Moroccan rabbi, poet and scholar

Jacob ben Reuben ibn Ẓur or Jacob Abensur (1673–1753) was a poet, scholar and leading Moroccan rabbi.

== Biography ==
Jacob was born in 1673 in Fez. He studied under the rabbis Vidal Serfaty and Menahem Serero. In 1693, he was appointed as registrar at the bet din (rabbinical court) of Fez, and then as a rabbi and head of the bet din in 1704, a post which he held for another thirty years. Thereafter, oppressive taxation induced him to move to Meknès, where he became a member of the bet din for eleven years, and after that he moved to Tétouan to serve in its bet din for another seven years.
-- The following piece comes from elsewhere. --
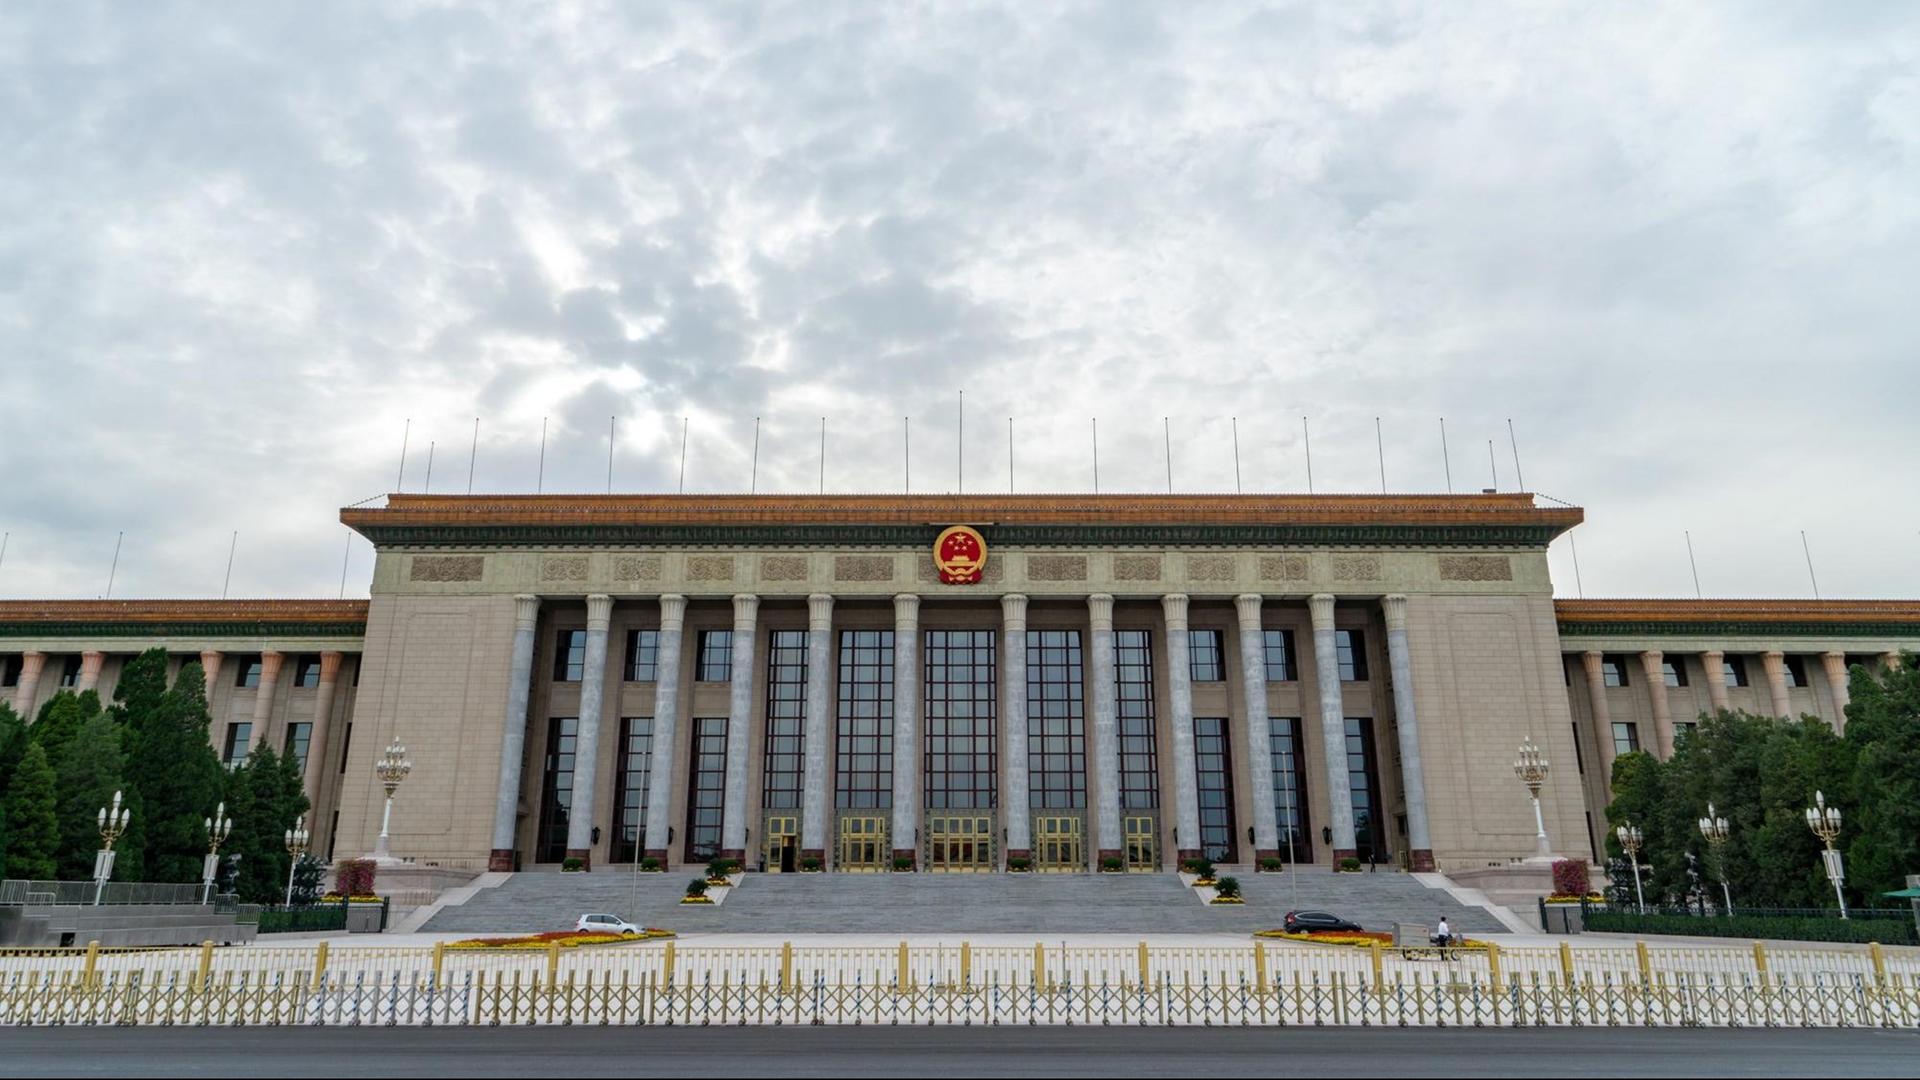 Frontansicht der Großen Halle des Volkes am Tiananmen-Platz in Peking, dem Sitz des Nationalen Volkskongresses.
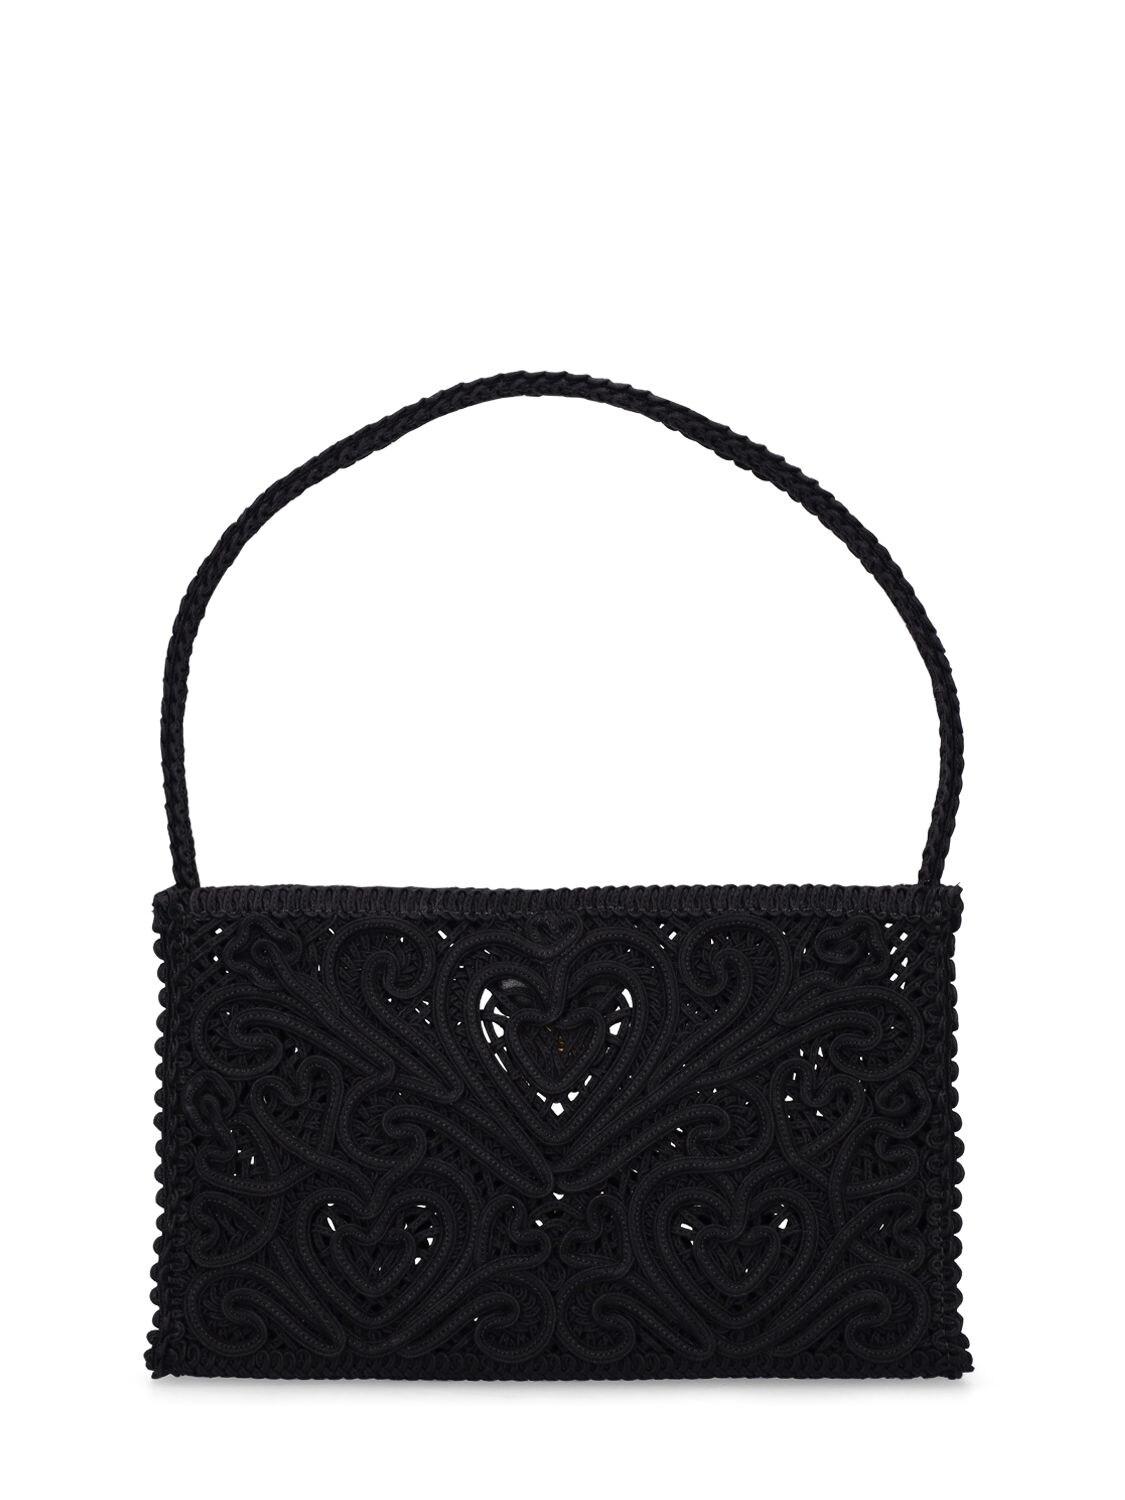 Dolce & Gabbana Mini Handtasche Aus Macramé beatrice in Schwarz Damen Taschen Tote Taschen

In his old age, Ibn Zur ordained five of his students: Samuel b. R. Jacob b. Danan, R. Ephraim b. Abraham Monsonyego, his son R. Raphael Obed Ibn Zur, R. Elijah b. A. Joseph HaSarfati, and his grandson R. Matitya b. R. R. Jacob b. Menahem II Serero; who later became known as the “Court of Five” (bet din shel ḥamishah).

== Works ==

- Mishpat u-Ẓedekah be-Ya’akov, a published collection of some of his responsa. He was consulted on halakhic questions. Many of Jacob's responsa are preserved in the works of Moroccan rabbis.
- Et le-khol Ḥefeẓ, a published collection of liturgical poetry
- Et Sofer, this work is still in manuscript, specimens of contracts, documents and form letters. The kabbalist and rabbi Abraham Ankawa published most of this work his Kerem Ḥemed

== Bibliography ==

=== Sources ===

- Aranov, Saul I. (1979). "A Descriptive Catalogue of the Bension Collection of Sephardic Manuscripts and Texts"
- Schirmann, Hayyim (2007). "IBN ẒUR, JACOB BEN REUBEN"
- Zafrani, Haim (2007). "ABENSUR, JACOB"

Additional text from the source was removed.